Will Rohit Sharma be the biggest waste of talent in Indian cricket?

They say possessing talent is one thing and fulfilling it is quite another. Indian cricketer Rohit Sharma pretty much falls in the former bracket and often evokes apprehensions of a talent going down the drain. For someone as naturally gifted as Rohit, it’s been a tale of frustration not just for him, but also for his fans and Indian cricket at large.

The million-dollar question every Indian cricket buff wants to ask is when would our national selectors run out of patience with Rohit? For how long are the selectors going to persist with him at the expense of not blooding other promising players, say someone like Manoj Tiwary who has been warming the benches for a long time after scoring a century the last time he played for India? Quite obviously, the selectors cannot incessantly toe the 'looking-at-the future' line by sticking with Rohit under the guise of giving him a fair crack of the whip.

The Mumbai lad has become an epitome of inconsistency – so frequently we are witness to his flashes of brilliance only to be followed by despair, only to again see our spirits lifted by brilliance combined with a flatter-to-deceive act.

The biggest problem with Rohit’s batting has been his inability to put a price tag on his wicket. He so often gives out a feeling that he has all the shots in the book and can employ them as he wishes without deciding the merit of the ball.
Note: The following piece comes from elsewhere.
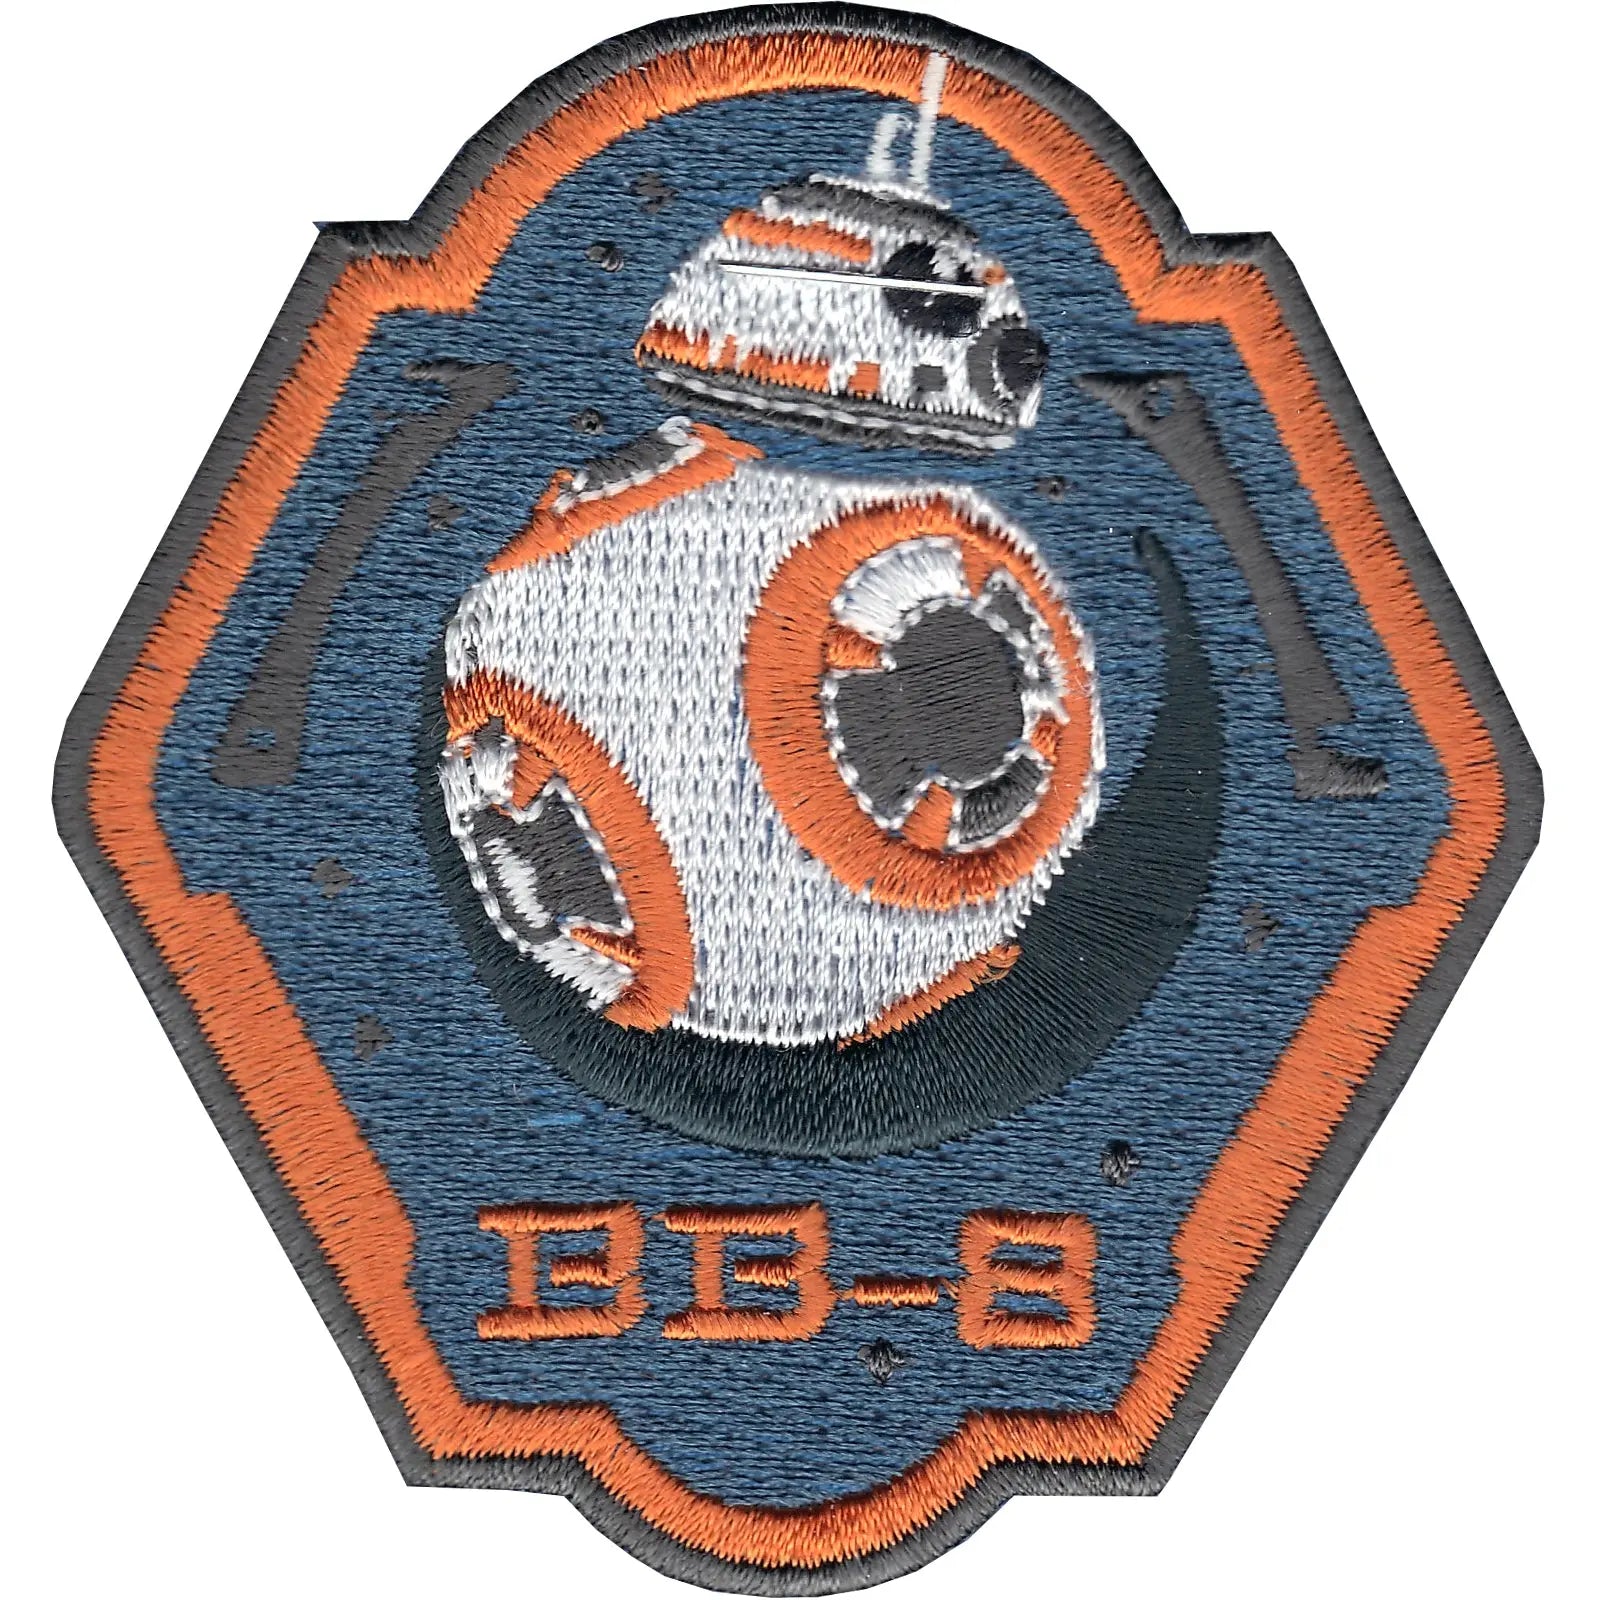 Star Wars Official 'BB-8' Iron On Patch (Orange Border)

There is no question about his wide repertoire of shots he possesses but he must understand that playing the right shot at the right time is the key for a success recipe.

Rohit should also guard against playing unwarranted loose shots early on in his innings. So many times we have seen him chuck away his wicket rather than bowlers really prising him out. He should eschew all these airy-fairy shots and would do well to bring out his full range once he gets his eye in.

  Importantly, Rohit has this knack of picking boundaries off even good balls, and that explains why he should be steer clear of reckless shots at the start of his innings.

Cricket can be such a great leveller. Only eight months back it was this same Rohit, who could hardly put a foot wrong. The ODI series at home saw Rohit unleash his talents on West Indies – he amassed 305 runs, averaging 76.25 with a best of 95.

More than the runs scored, the manner in which Rohit accumulated them were more pleasing to the eye – only underpinning the precocious talents he has. So, when he warmed the benches during the Test series against Australia, there were strong calls from all quarters for his inclusion in the starting XI, something that never happened as one Virat Kohli choose to stamp his presence in the Test arena.

The prolonged period of being consigned to the sidelines (sitting in the reserves during the four-match Test series) seemed to dent his confidence. It showed in the Commonwealth Bank Series, where he did not appear all that convincing. He averaged 15.80, scoring mere 79 runs off five games, averaging 15.80 before he was axed for the final three games.

The 2012 Asia Cup wasn’t exactly a tourney where he hit the high notes. Save for a fine 68 against Pakistan, Rohit didn’t quite set the tournament on fire.

With the season not panning out the way as he would have desired, India’s A tour of West Indies was a perfect opportunity to brush aside the cobwebs of inconsistency.

A similar story unfolded. Save for a 94 in the first innings of the first unofficial Test, Rohit floundered in his next five innings.

Though nobody is saying it on record, the ongoing ODI series against Sri Lanka was a make-or-break chance for Rohit Sharma to cement his spot in the side. Bu his batting woes in the five-match ODI series may only enhance the decibel levels of Rohit-bashers.

After all, we all want Rohit to do justice to his immense potential and not pan out to be the biggest waste of talent in Indian cricket – something we shudder to think!